Blanca salió en noviembre de su Venezuela natal, cuando la pandemia ya estaba descontrolada en todo el mundo. El pastor de la iglesia de su pueblo le regaló 15 dólares para que ella y sus hijos llegaran hasta la frontera con Colombia —donde se estima que viven cerca de dos millones de venezolanos, el 90% de ellos trabajando en la economía informal y más de la mitad en situación migratoria irregular— y así lo hicieron. Sin embargo, al llegar al límite con el país vecino se vieron forzados a pasar tres noches cubriéndose con un manto de estrellas y cuatro días compartiendo cada bocado con el mayor desgano. Literalmente, durmieron en la calle y comieron de la basura. Ya no les quedaba absolutamente nada.
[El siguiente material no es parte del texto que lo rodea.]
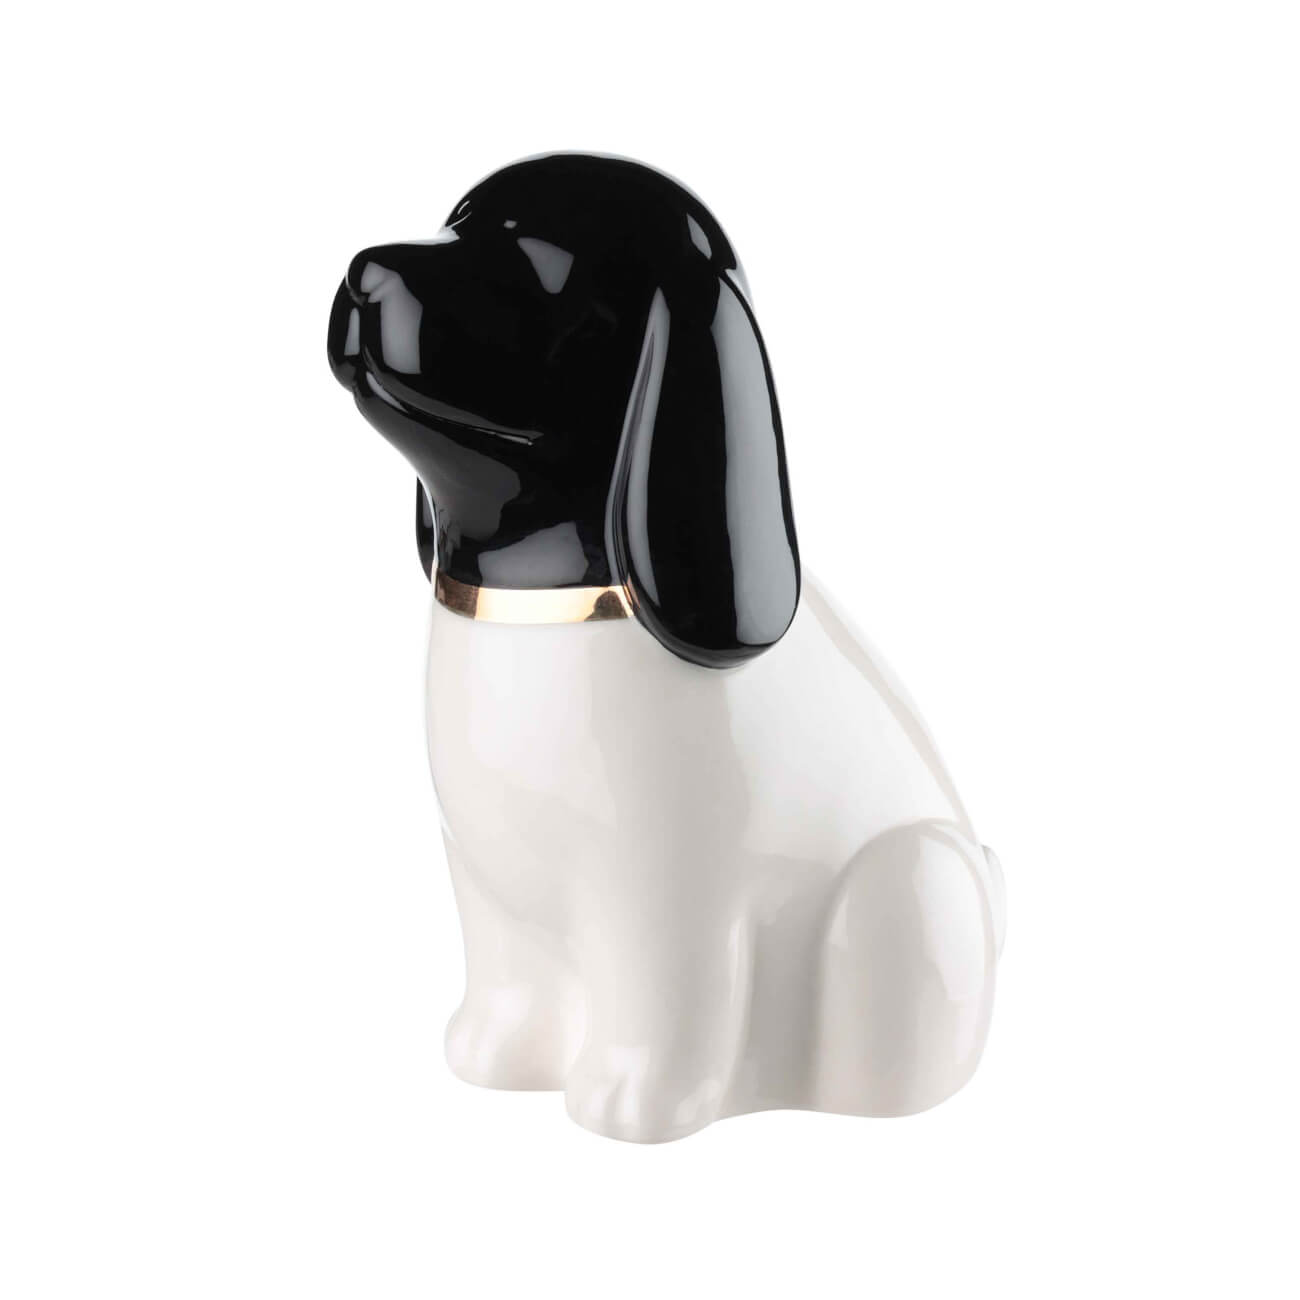 Статуэтка, 12 см, керамика, черно-белая, Собака, B&W статуэтка оскар керамика

Resulta que la hija menor de Blanca, además de tener un padre que las ha abandonado, también tiene otros problemas serios. Uno de los más graves, en los huesos. Si no se opera, estará condenada a vivir con muletas o en una silla de ruedas. En Venezuela, la operación le costaba más de 1.000 dólares. Por supuesto, Blanca no los tenía. Aunado a eso, la pequeña no tiene acceso a los servicios de salud colombianos, ya que no tiene partida de nacimiento ni documento identificativo alguno. La expedición de los mismos costaba 10 dólares (8,45 euros: el salario mínimo, cuando ellos dejaron su país, era de 0,92 céntimos de euro al mes). De haber pagado por ellos, Blanca, con la voz rota de nuevo, cuenta que hubiesen pasado muchos días sin comer.
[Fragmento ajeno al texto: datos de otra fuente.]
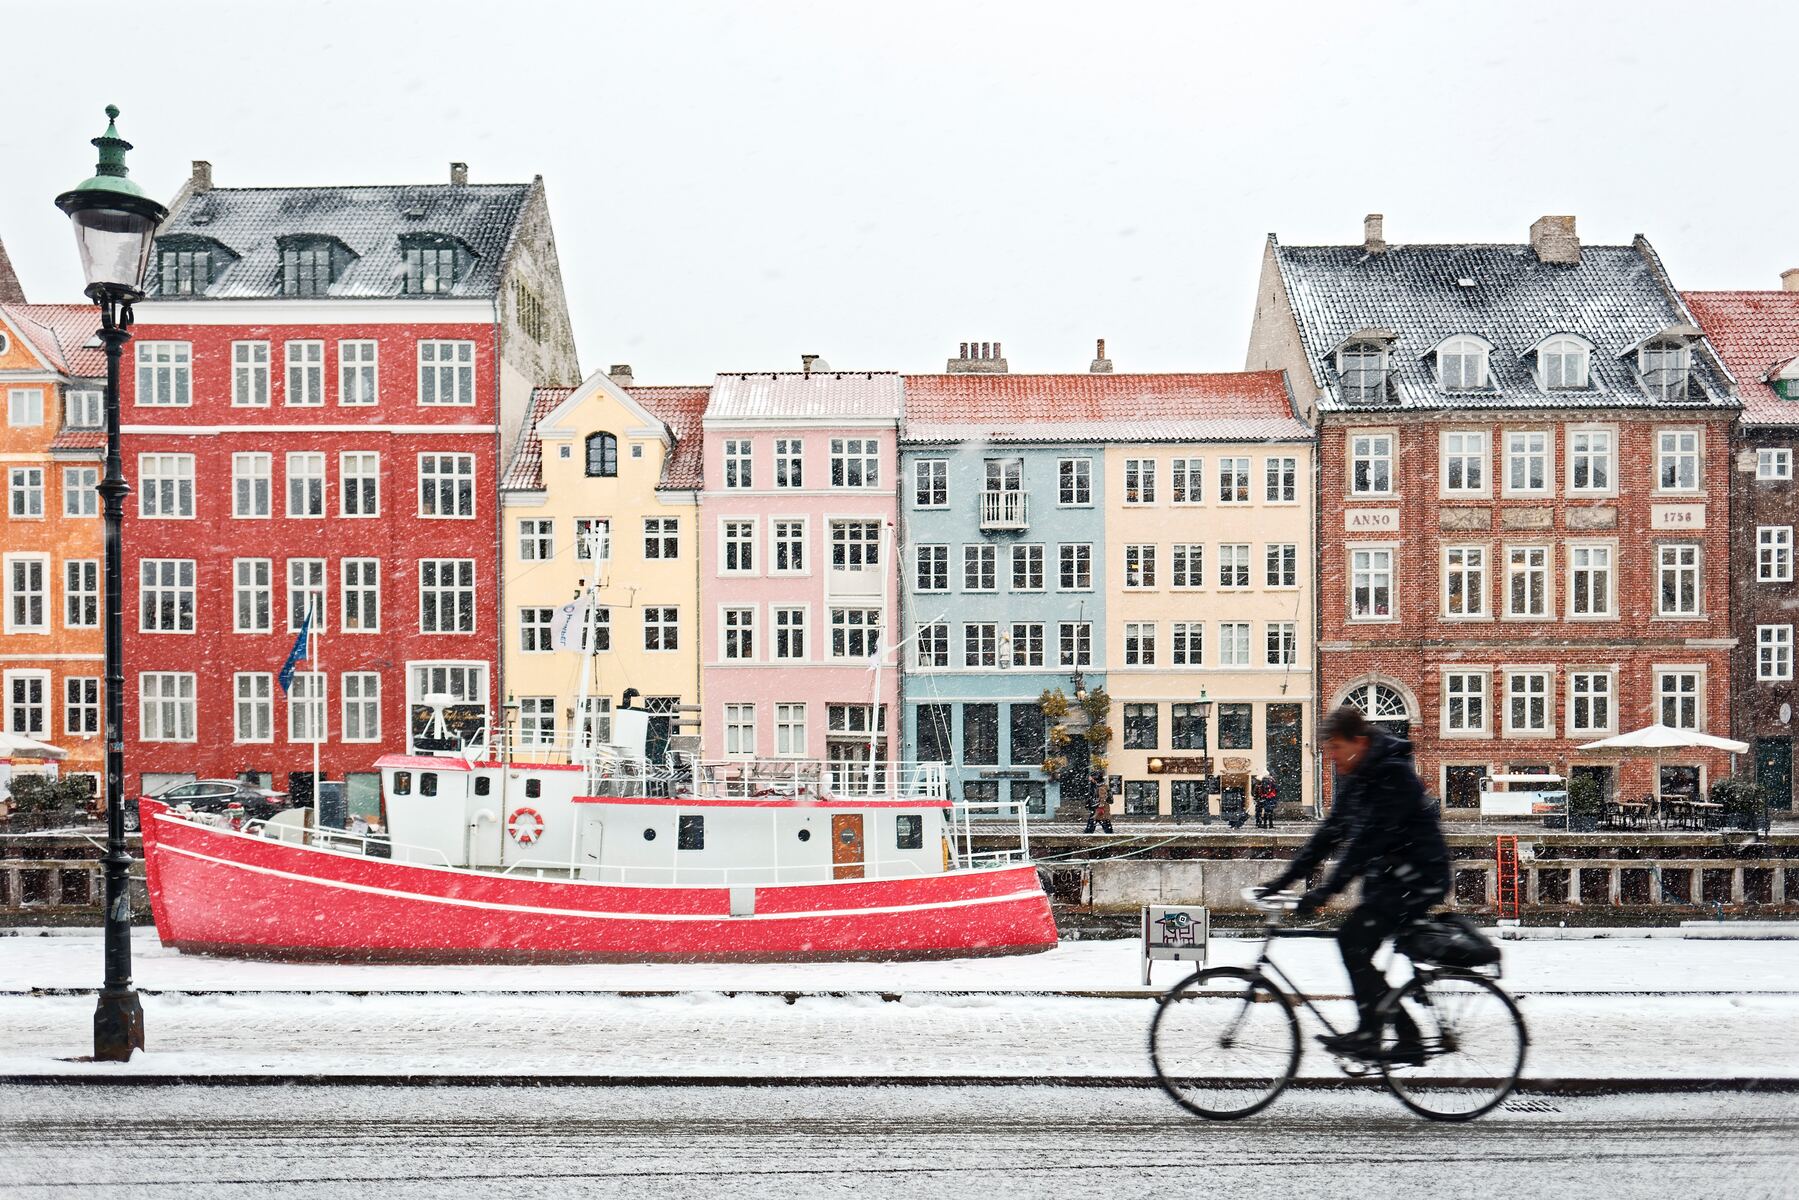 Getting an employment visa: Work permit in Denmark

Cuestionada sobre si durante este tiempo ha tenido miedo al coronavirus, responde con indiferencia que no. Dice que no tiene cabeza para pensar en eso. Y tampoco para el amor. Solo sueña con ser repostera, con pagar la operación de su hija y con que los suyos nunca vuelvan a dormir en la calle ni a comer lo que no es comida.

“O NOS MATABA EL COVID O NOS MATABA EL HAMBRE”
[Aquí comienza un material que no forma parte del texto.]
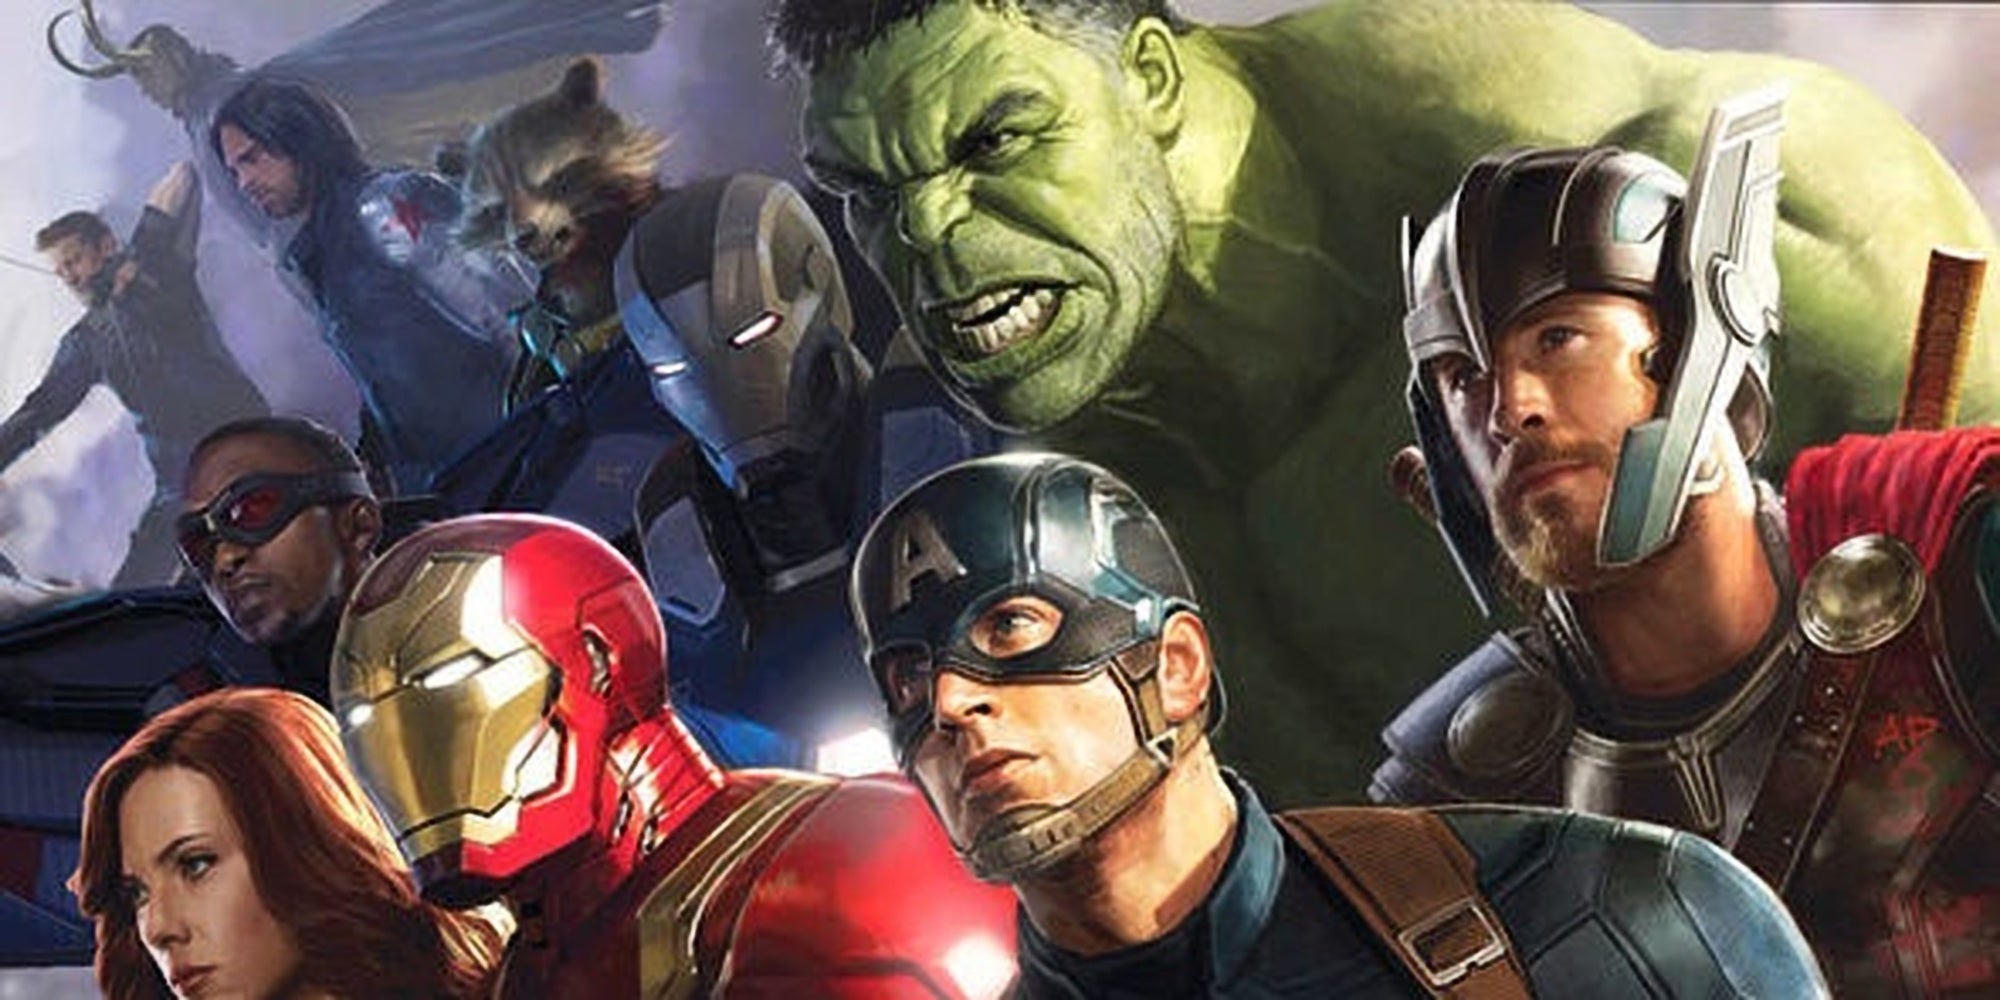 968px x 681px - Avengers 4 directors discuss chances of Deadpool and X-Men ...

Para Linda, el miedo también tiene otra dimensión. Salió de Venezuela, con sus tres hijos, porque ya no le quedaba otra opción. Ni siquiera tenía tiempo ya para pensar en la pandemia. “Si a mis hijos no me los mataba el covid, me los mataba el hambre”, asegura con voz quebrada.

Ella tiene 43 años, es de Maracaibo y también es madre soltera. Se graduó de la Universidad y ejerció como contable hasta hace un par de años, cuando prácticamente todas las empresas en las que podía trabajar cerraron. Pero ella, “una luchadora” como se define, abrió una pequeña tienda de alimentación para salir adelante. Sin embargo, la desorbitada inflación y la pulverizada economía local la abocaron al cierre. “Lo único que se vende, o vendía, era comida. Ya nadie puede comprar juguetes o ropa. La vida allí ya es imposible”, sentencia.

“Tristemente no se puede trabajar en Venezuela. La energía eléctrica se corta a menudo; la tienes una semana sí y otra no. Pasábamos días sin agua potable. Mi pequeño negocio no sobrevivió porque la inflación nos asfixiaba”, cuenta. Entonces, ella y sus hijos supieron lo que era comer sólo una vez al día. Tal vez dos, si tenían suerte. Pero nunca tres. Recordar aquellos días la sume en el llanto. Especialmente cuando revive el día en el que uno de sus hijos le pidió un juguete (que costaba entre 20 y 30 dólares) y ella no encontraba palabras para decirle que esa misma noche ni siquiera tendrían algo para cenar.

Linda: «Ya nadie puede comprar juguetes o ropa. La vida allí ya es imposible»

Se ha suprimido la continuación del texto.